Given an array arr[], the task is to find the length of the longest subsequence of the array arr[] such that all adjacent elements in the subsequence are different.

Examples:

Input: arr[] = {4, 2, 3, 4, 3}
Output: 5
Explanation:
The longest subsequence where no two adjacent elements are equal is {4, 2, 3, 4, 3}. Length of the subsequence is 5.

Input: arr[] = {7, 8, 1, 2, 2, 5, 5, 1}
Output: 6
Explanation: Longest subsequence where no two adjacent elements are equal is {7, 8, 1, 2, 5, 1}. Length of the subsequence is 5.

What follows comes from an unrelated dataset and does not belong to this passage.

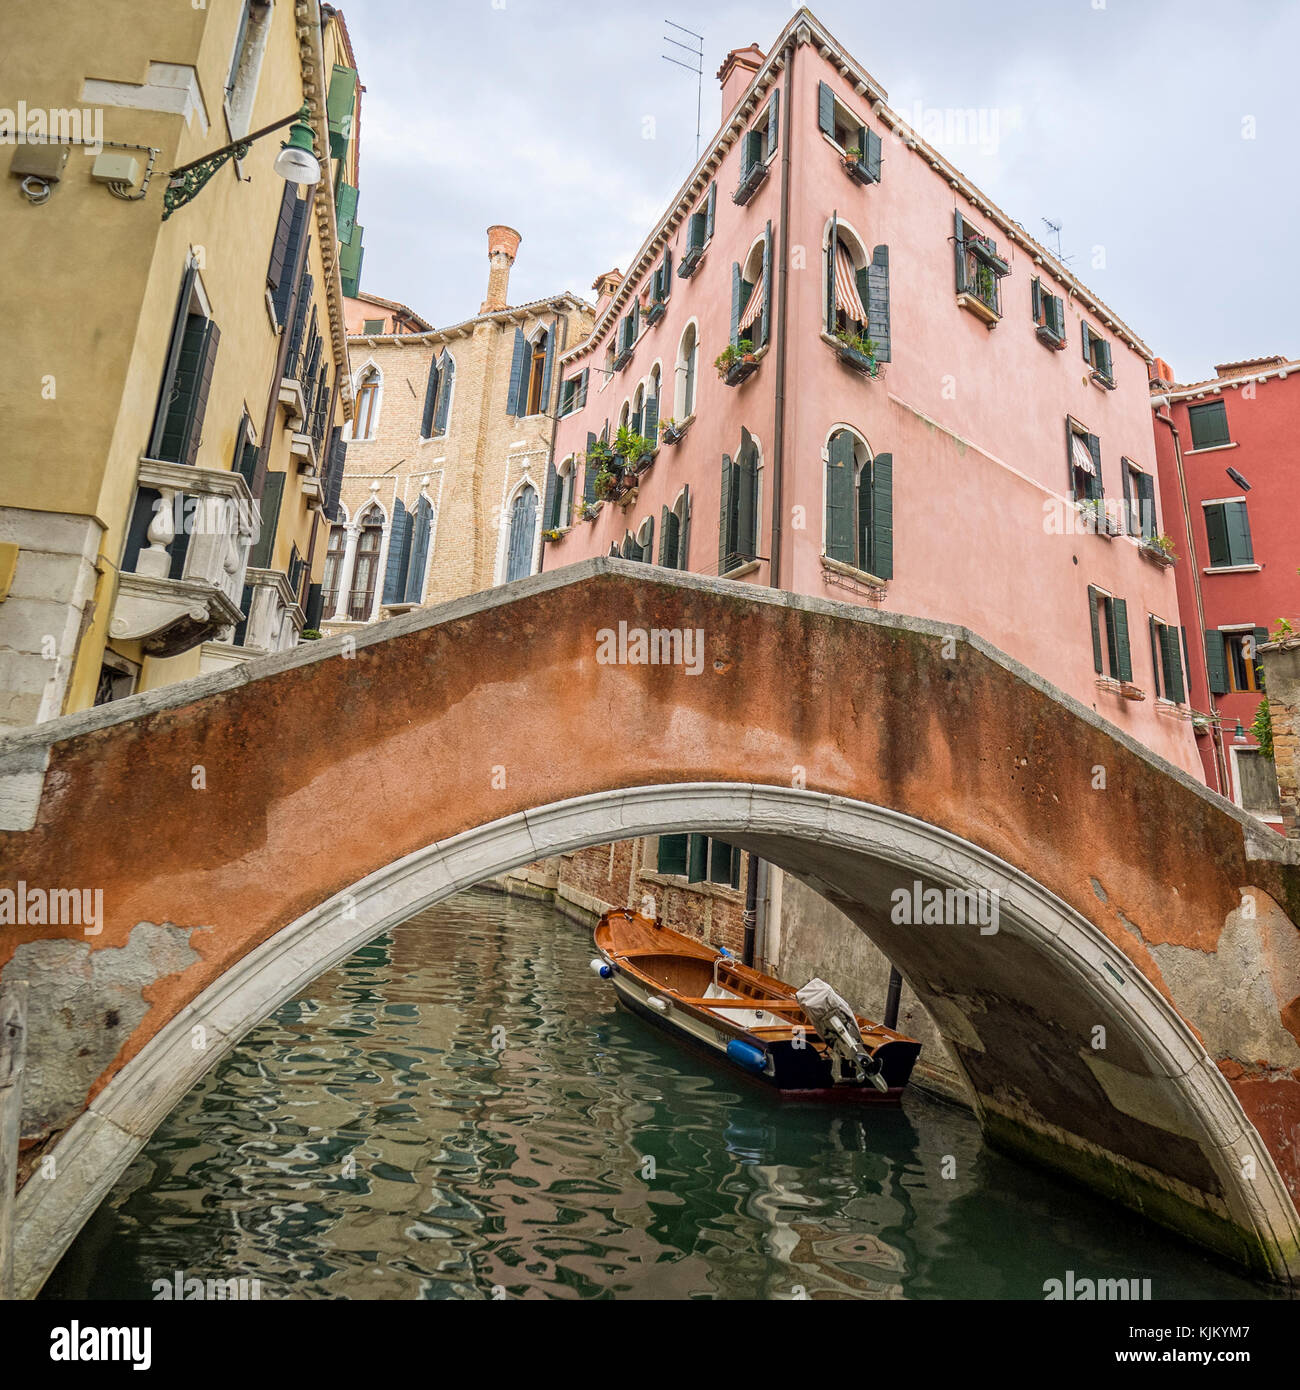 VENICE, ITALY - SEPTEMBER 12, 2017:  Bridge over canal seen against brightly coloured buildings Stock Photo

Naive Approach: The simplest approach is to generate all possible subsequence of the given array and print the maximum length of that subsequence having all adjacent elements different. 



Time Complexity: O(2N)
Auxiliary Space: O(1)

Efficient Approach: Follow the steps below to solve the problem:

  • Initialize count to 1 to store the length of the longest subsequence.
  • Traverse the array over the indices [1, N – 1] and for each element, check if the current element is equal to the previous element or not. If found to be not equal, then increment count by 1.
  • After completing the above steps, print the value of count as the maximum possible length of subsequence.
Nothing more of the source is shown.